*** Opening of Provided data ***
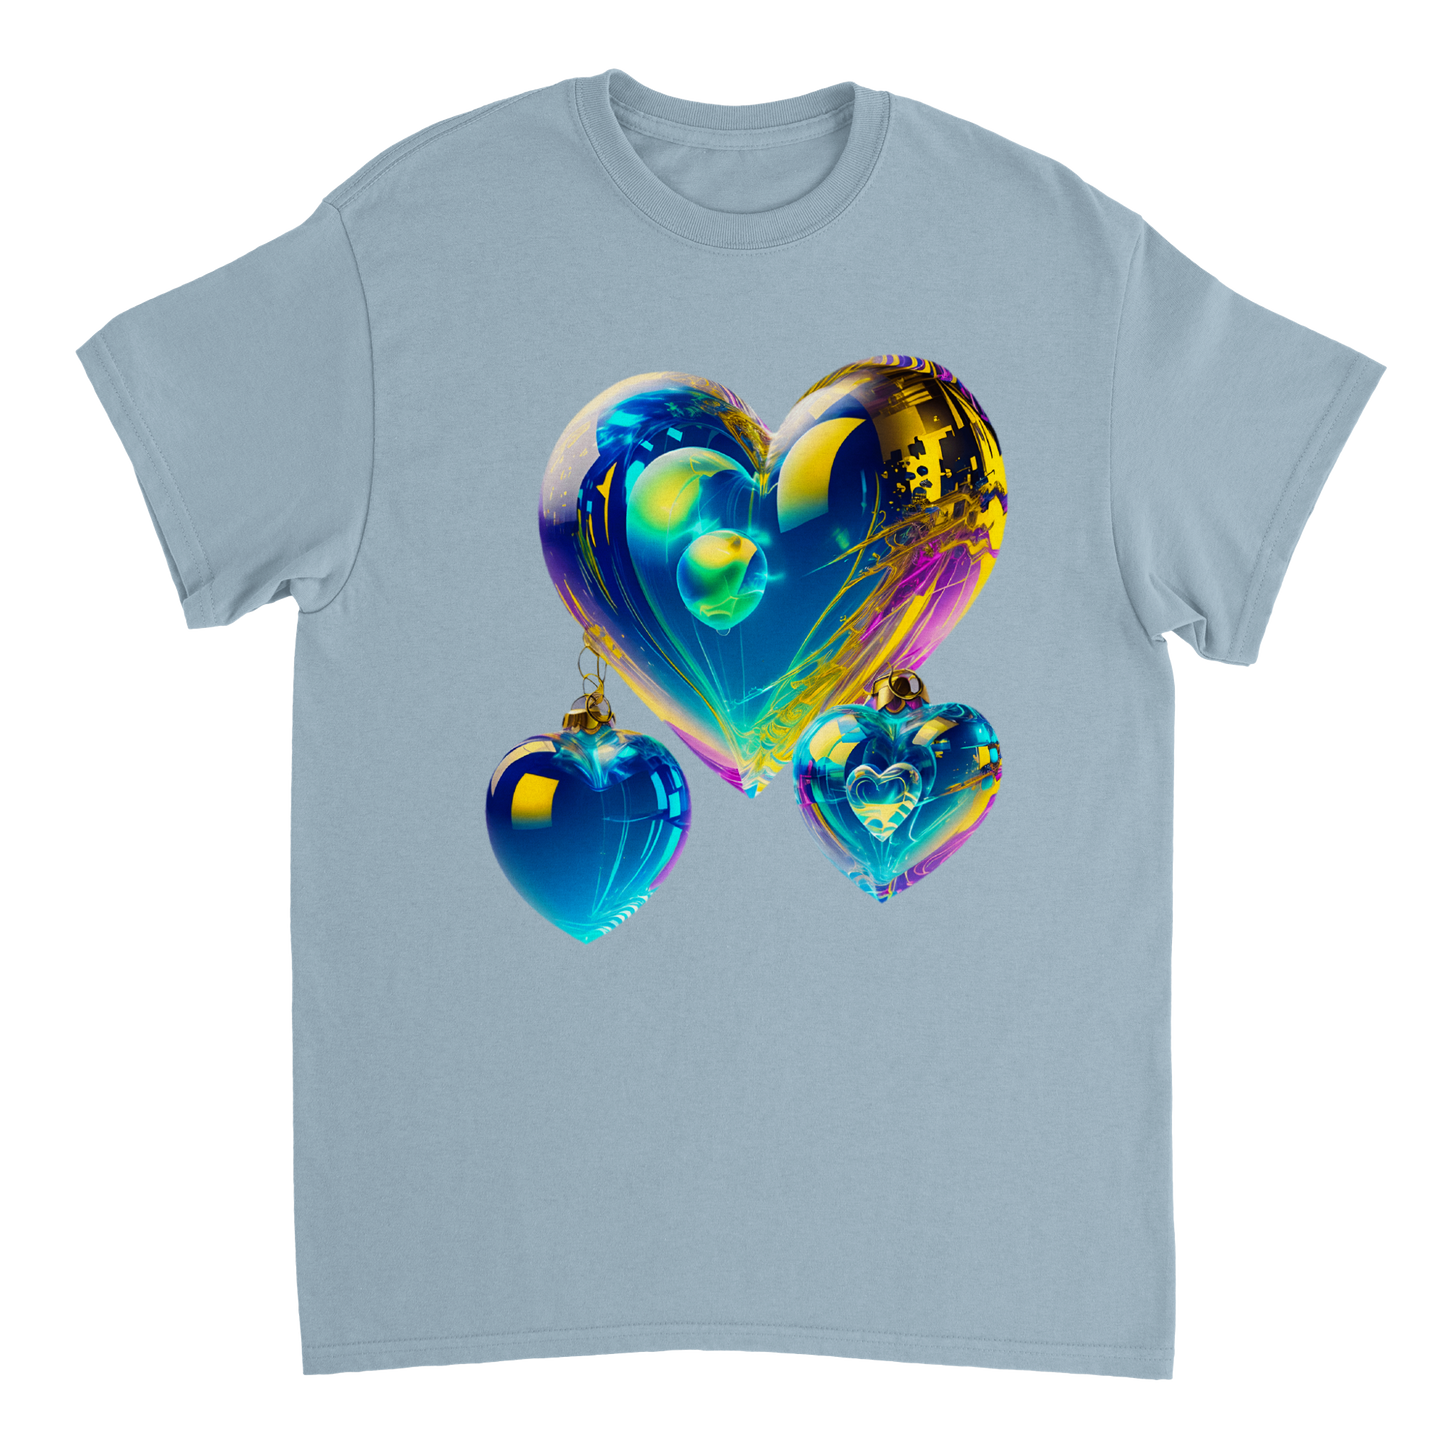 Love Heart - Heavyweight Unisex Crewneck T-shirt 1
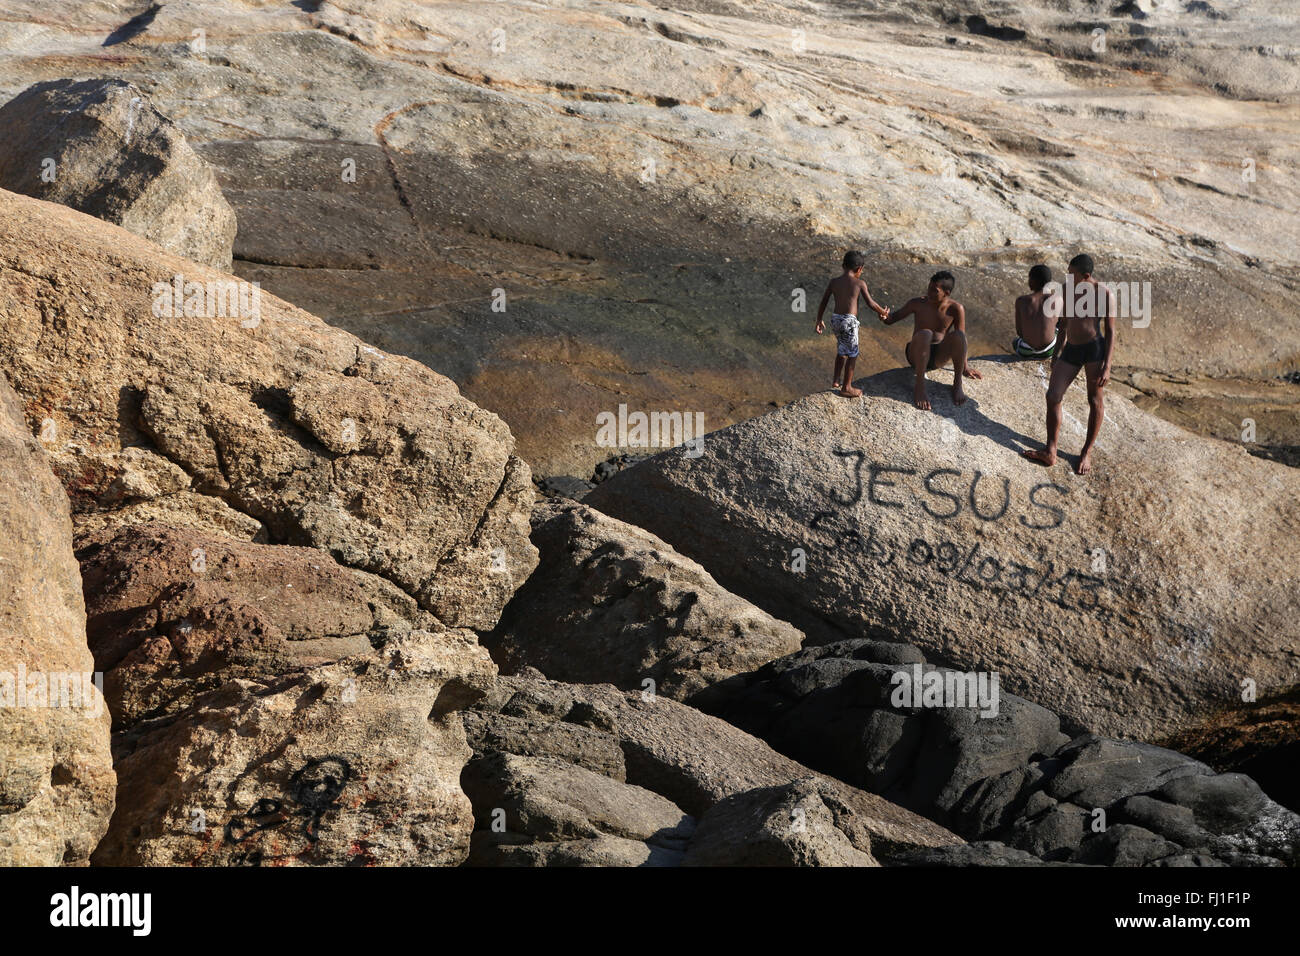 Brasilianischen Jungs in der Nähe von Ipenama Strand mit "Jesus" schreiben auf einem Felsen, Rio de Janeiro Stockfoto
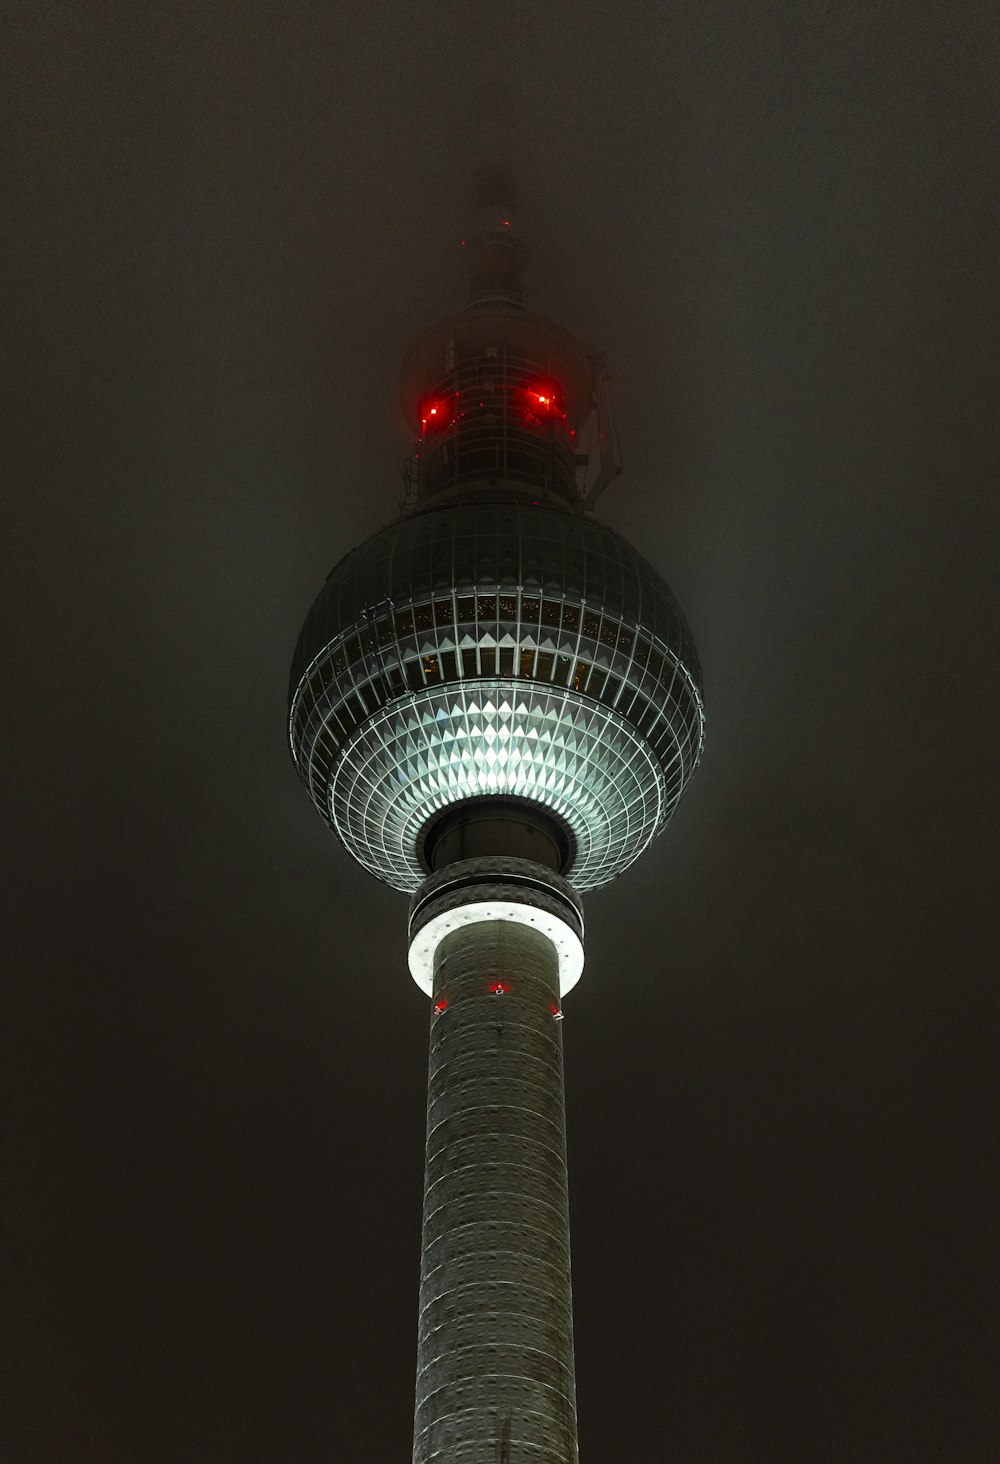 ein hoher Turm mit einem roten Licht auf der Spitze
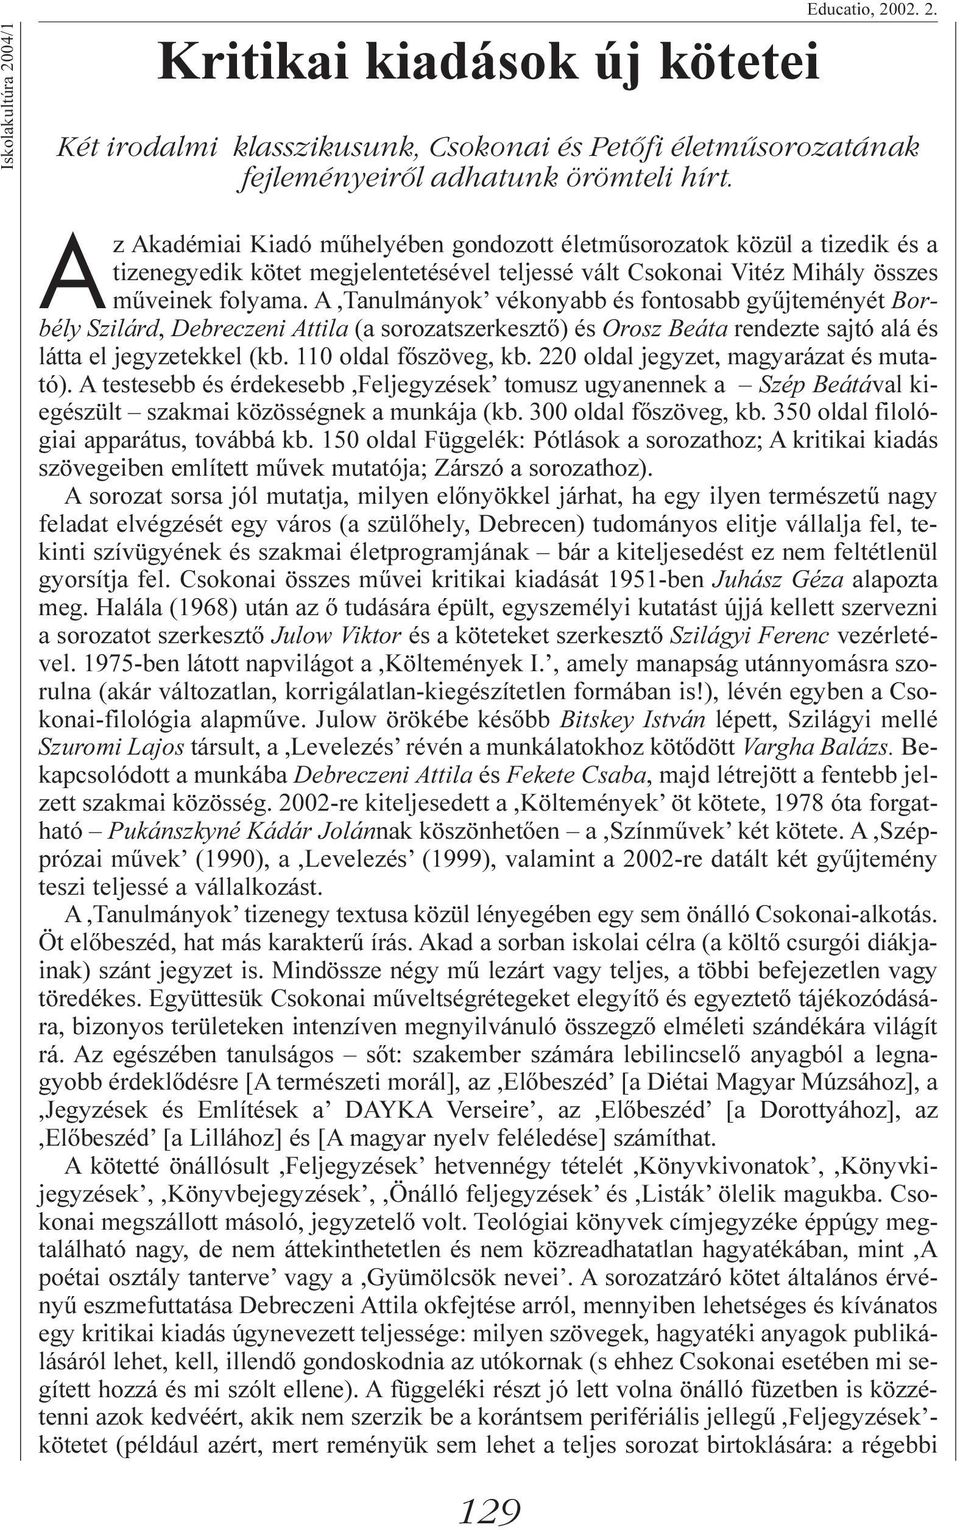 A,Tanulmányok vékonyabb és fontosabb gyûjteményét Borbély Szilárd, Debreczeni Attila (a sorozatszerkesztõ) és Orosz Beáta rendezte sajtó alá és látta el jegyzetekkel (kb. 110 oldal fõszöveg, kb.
*** Close of Provided data ***
Your objective ::
Provide the listing above once more, exactly, with the pictures removed.

Written solution ::
 Love Heart - Heavyweight Unisex Crewneck T-shirt 1
 Brasilianischen Jungs in der Nähe von Ipenama Strand mit "Jesus" schreiben auf einem Felsen, Rio de Janeiro Stockfoto
 ein hoher Turm mit einem roten Licht auf der Spitze
 A,Tanulmányok vékonyabb és fontosabb gyûjteményét Borbély Szilárd, Debreczeni Attila (a sorozatszerkesztõ) és Orosz Beáta rendezte sajtó alá és látta el jegyzetekkel (kb. 110 oldal fõszöveg, kb.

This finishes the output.